GIVEN DATA
########################################

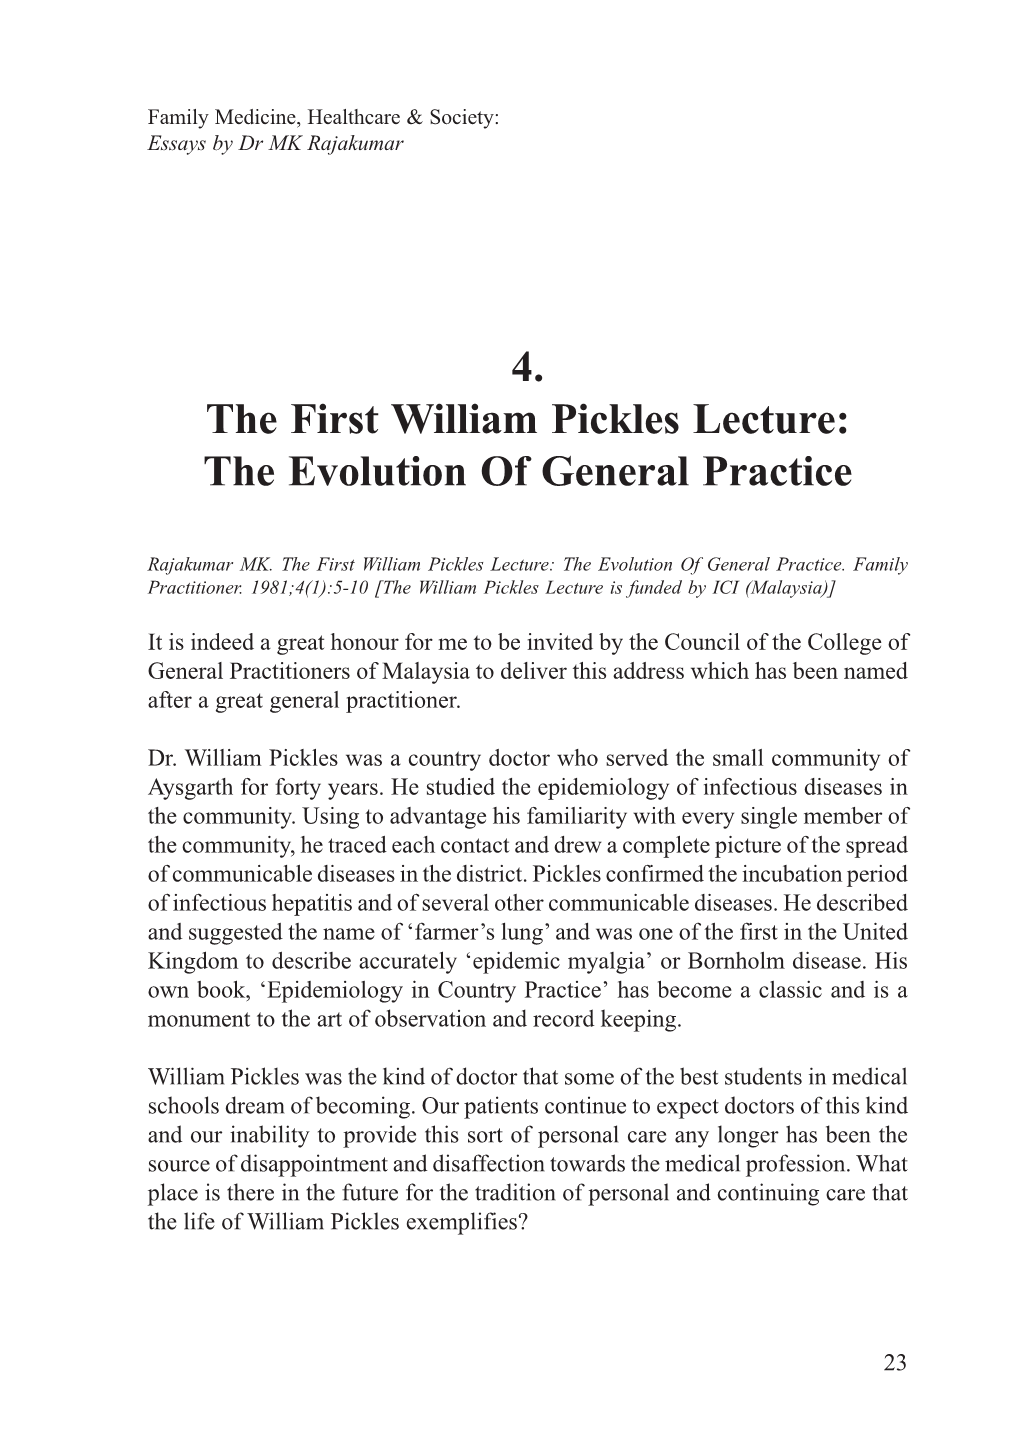 4. the First William Pickles Lecture: the Evolution of General Practice
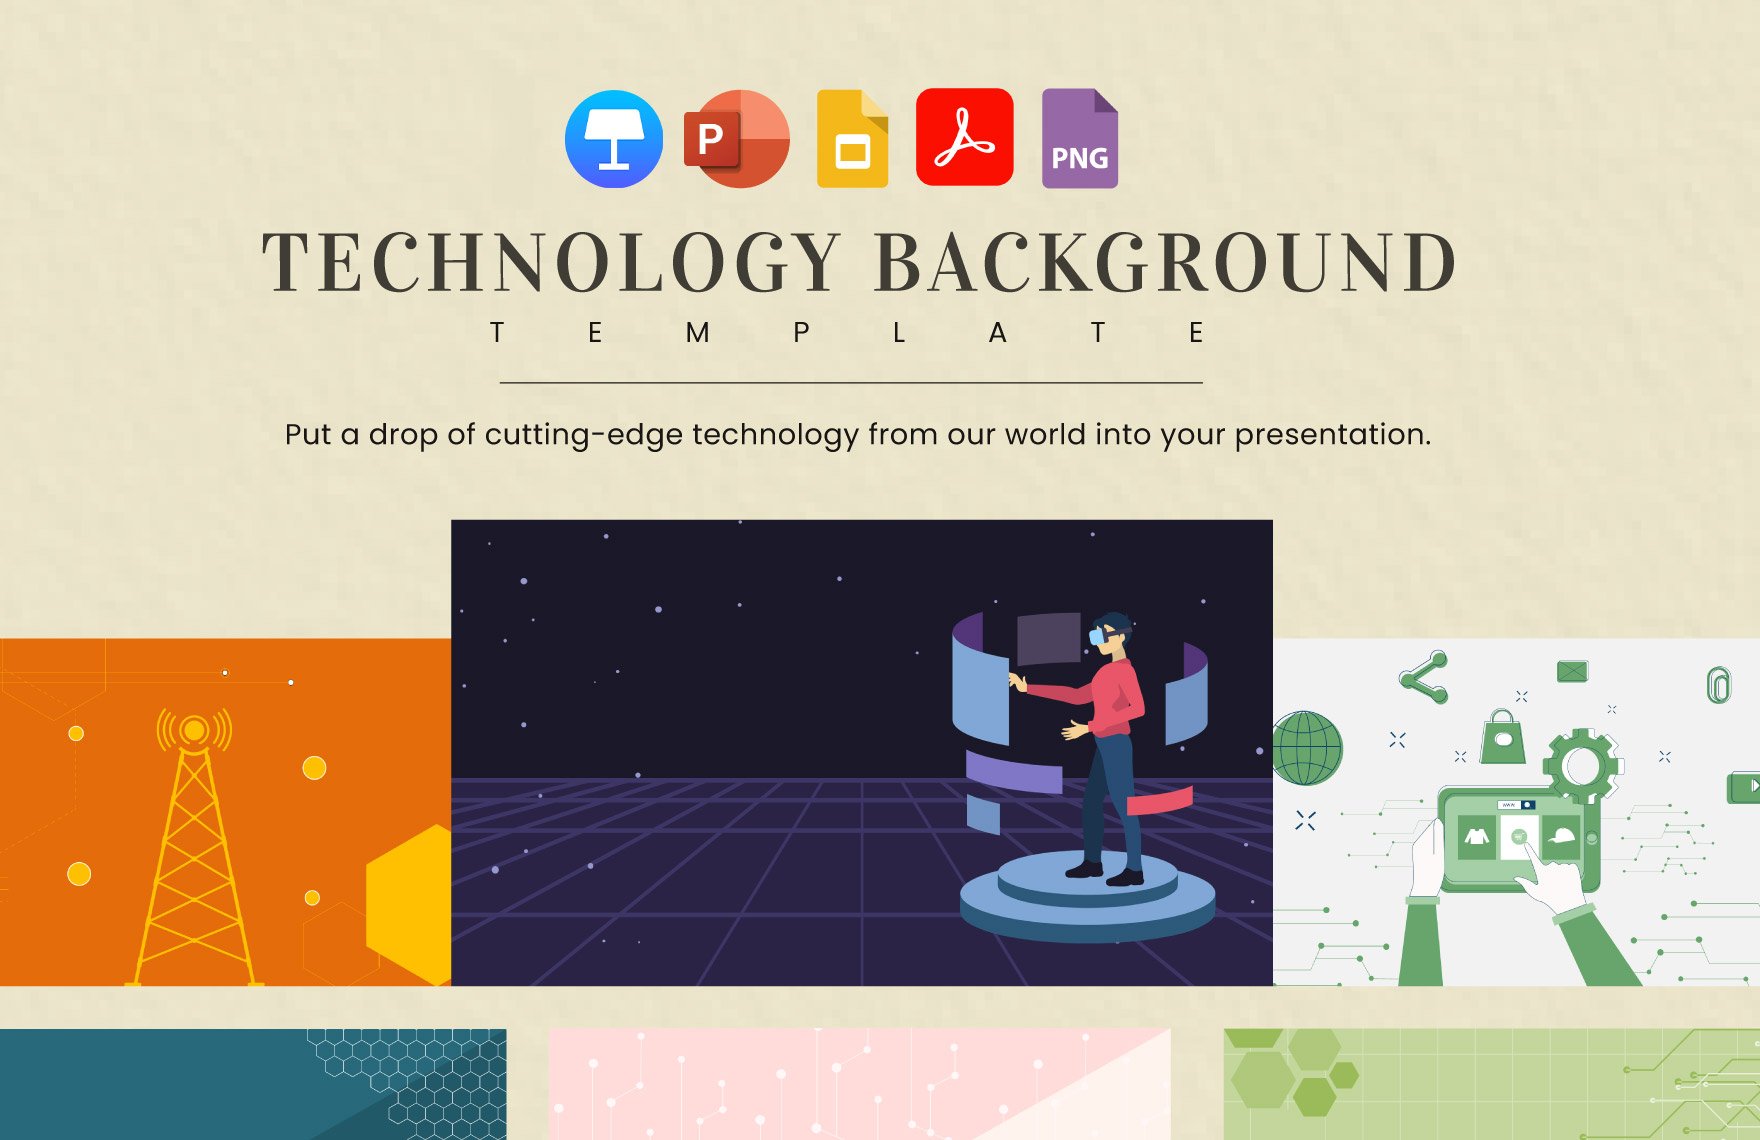 Technology Background Template
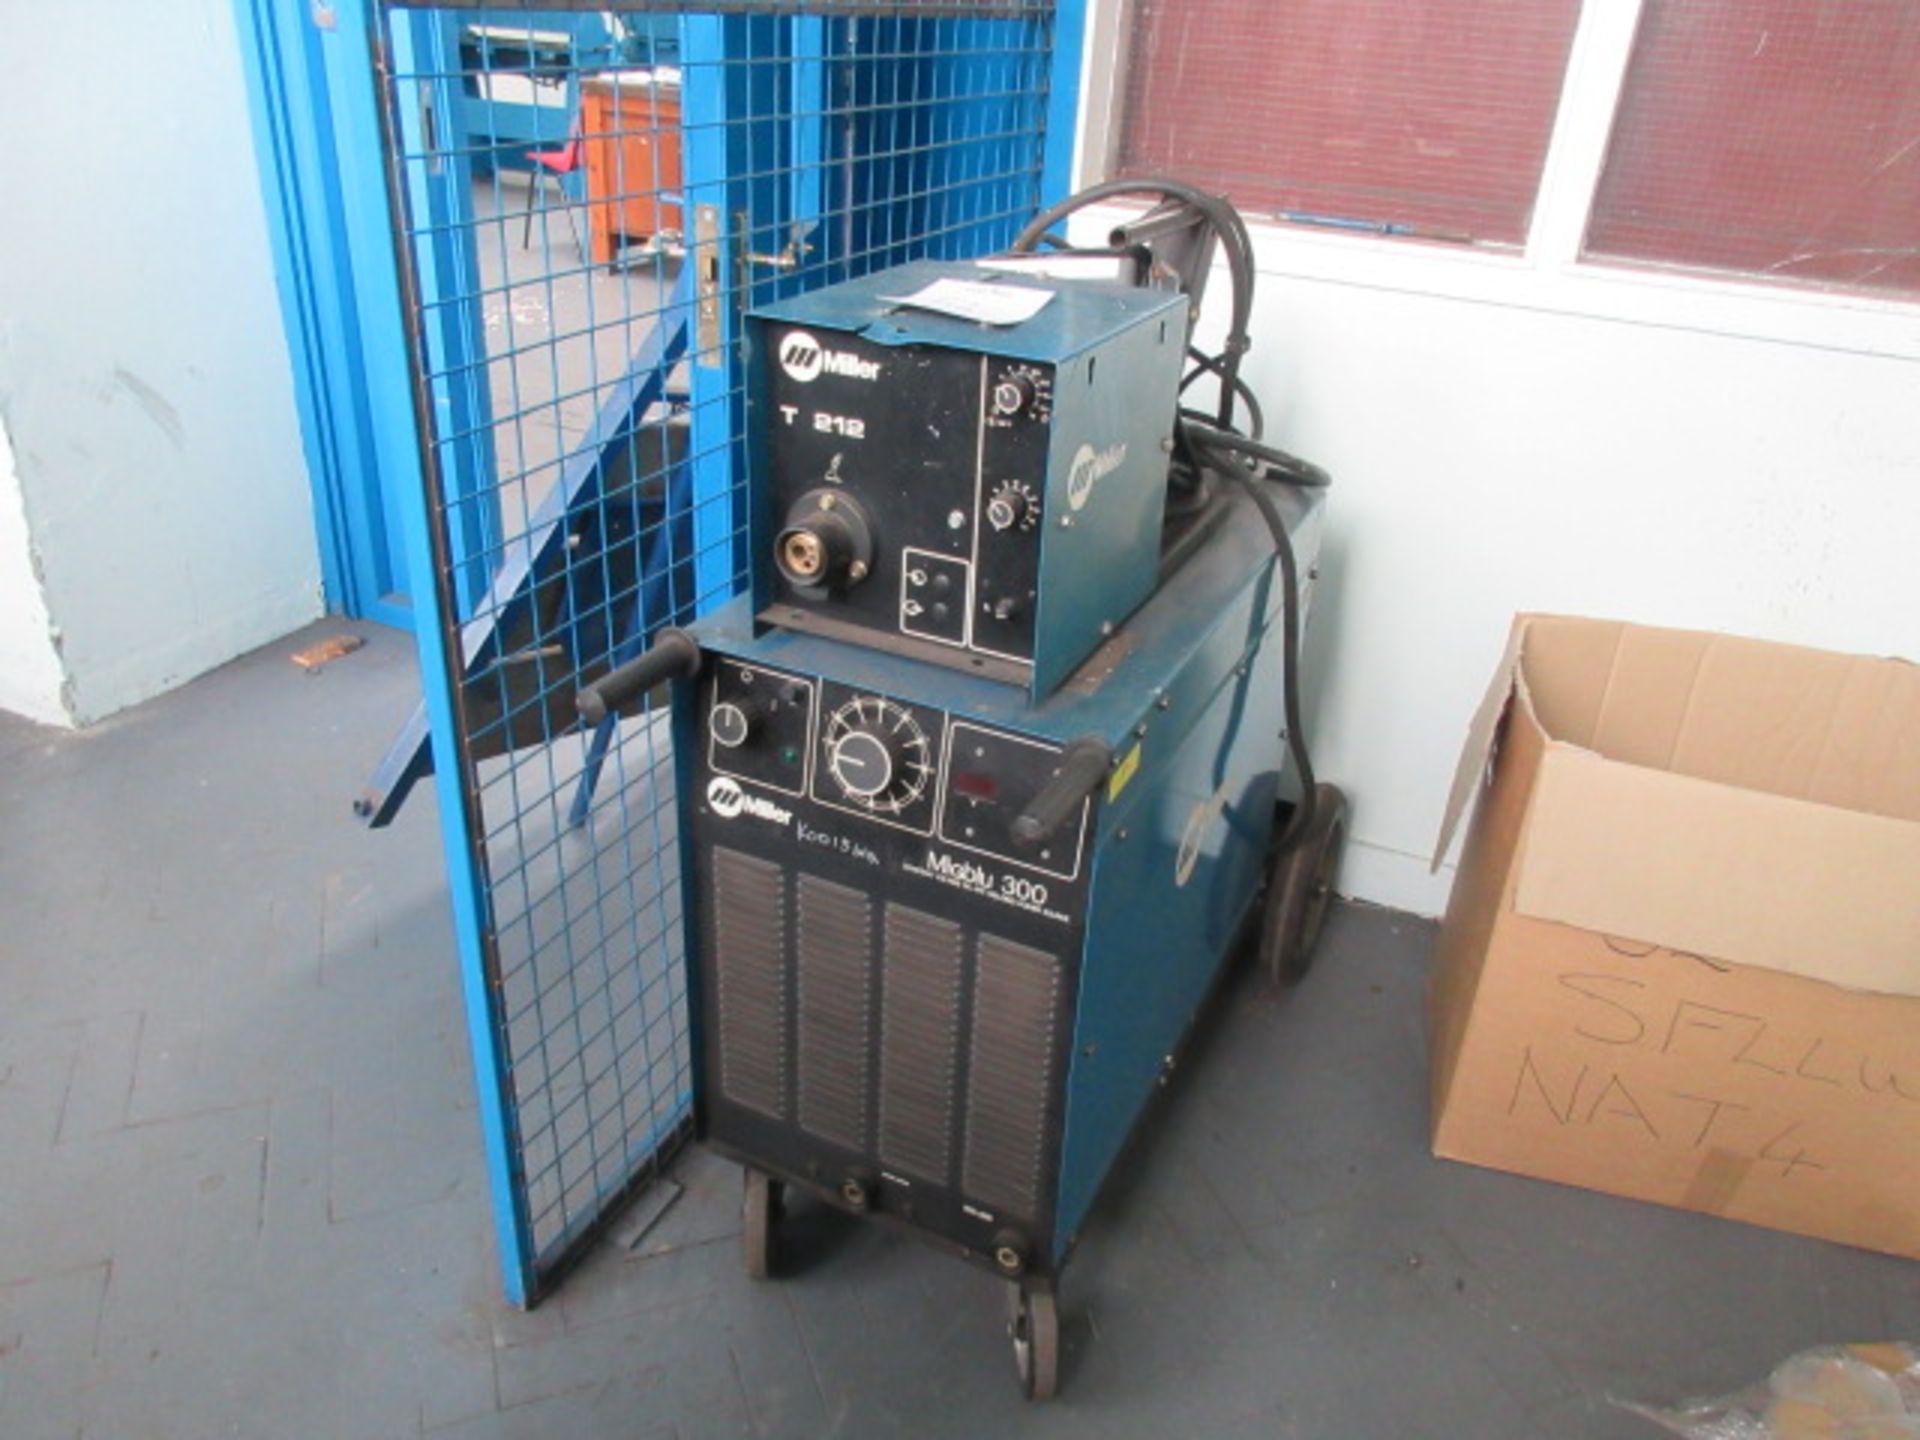 Miller MigBlu 300 constant voltage DC arc welding power source with T212 wire feed unit. No torch or
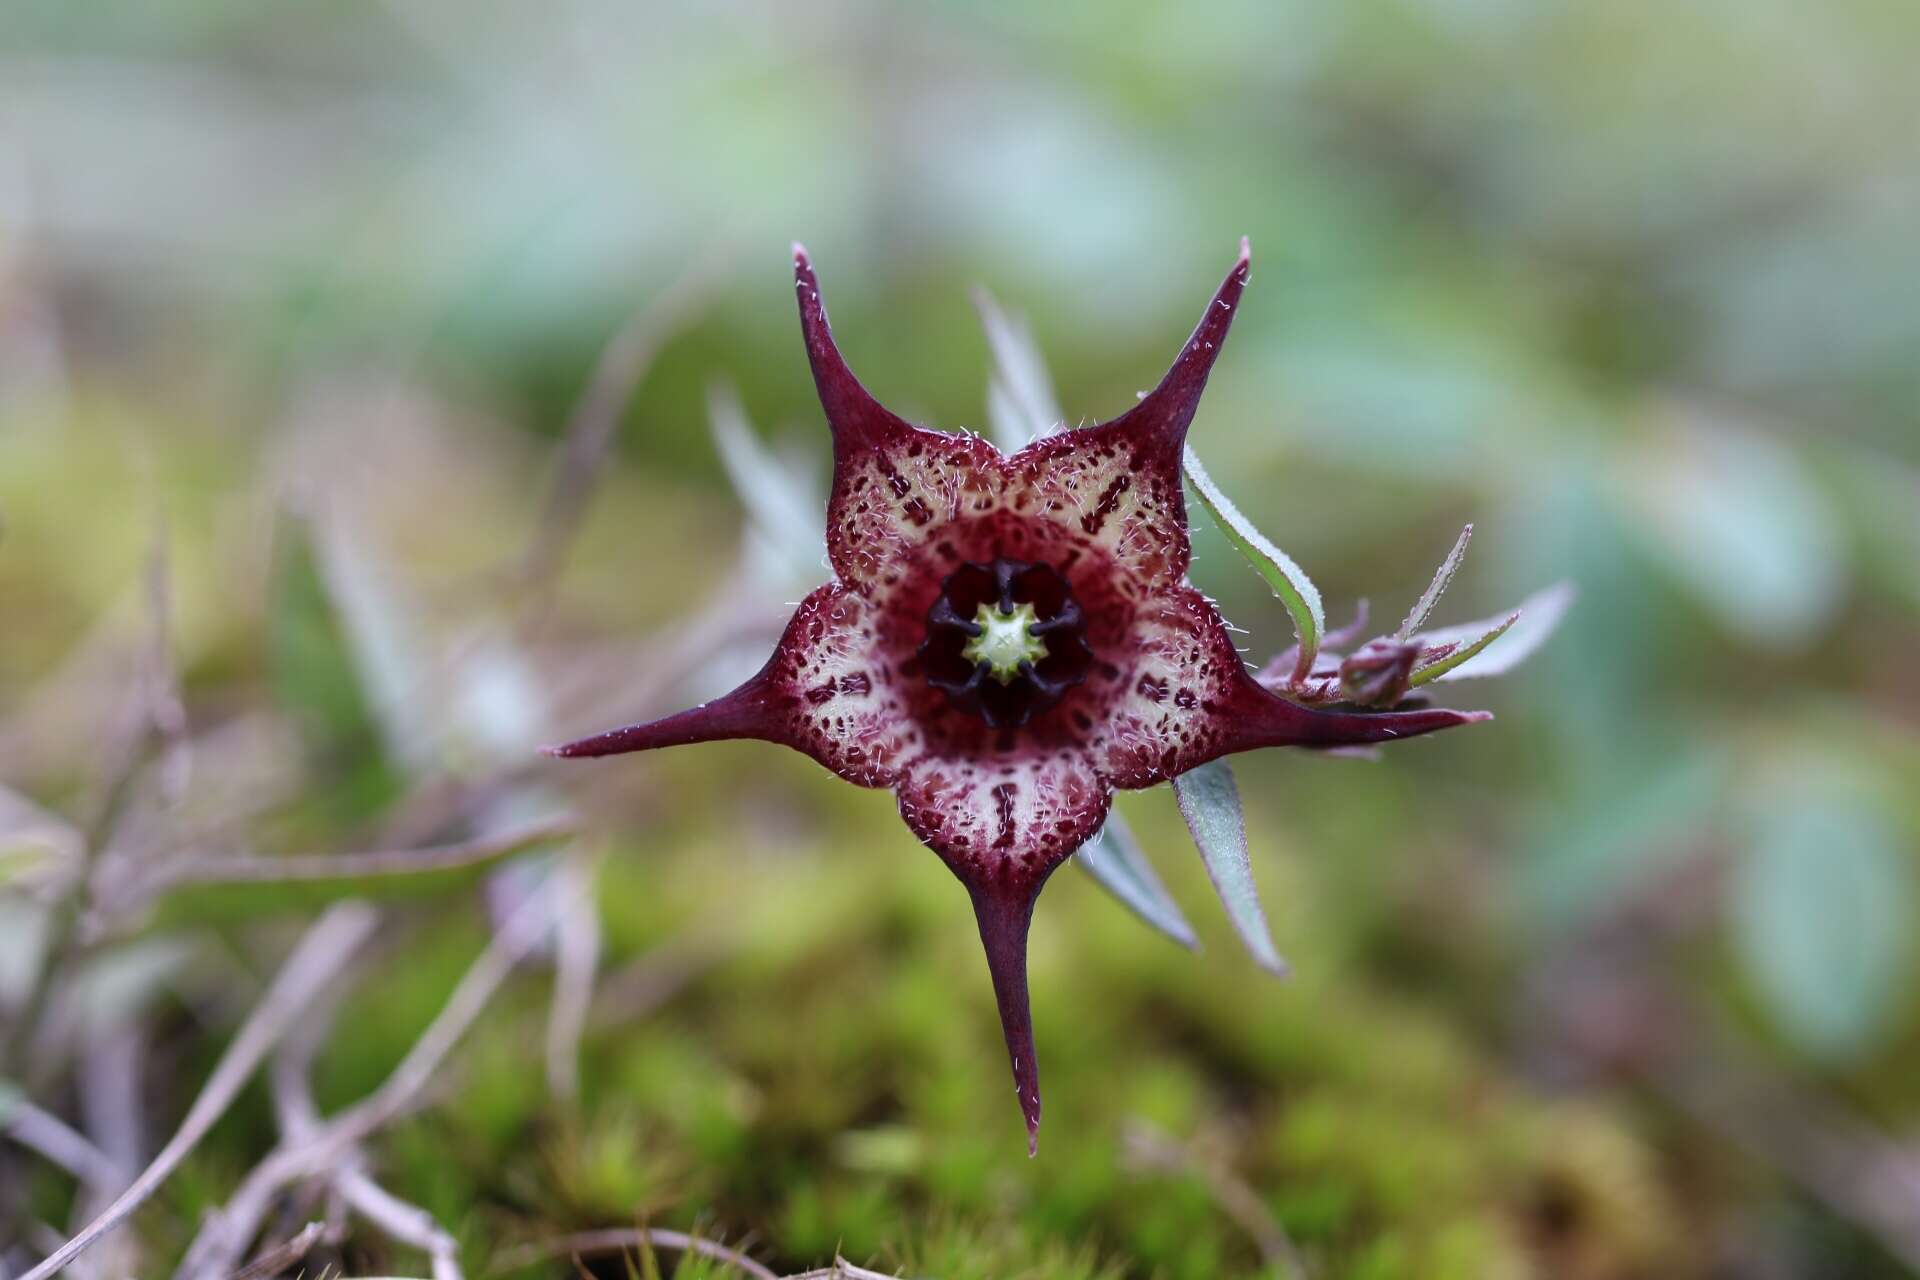 Image of Ceropegia australis (R. A. Dyer) Bruyns

########################################

ASSIGNED TASK
Go to the line containing "Miller MigBlu 300", then write out word for word every line from there to the end of the listing. Keep both end lines and drop the pictures.

ANSWER SPACE
 Miller MigBlu 300 constant voltage DC arc welding power source with T212 wire feed unit. No torch or
 Image of Ceropegia australis (R. A. Dyer) Bruyns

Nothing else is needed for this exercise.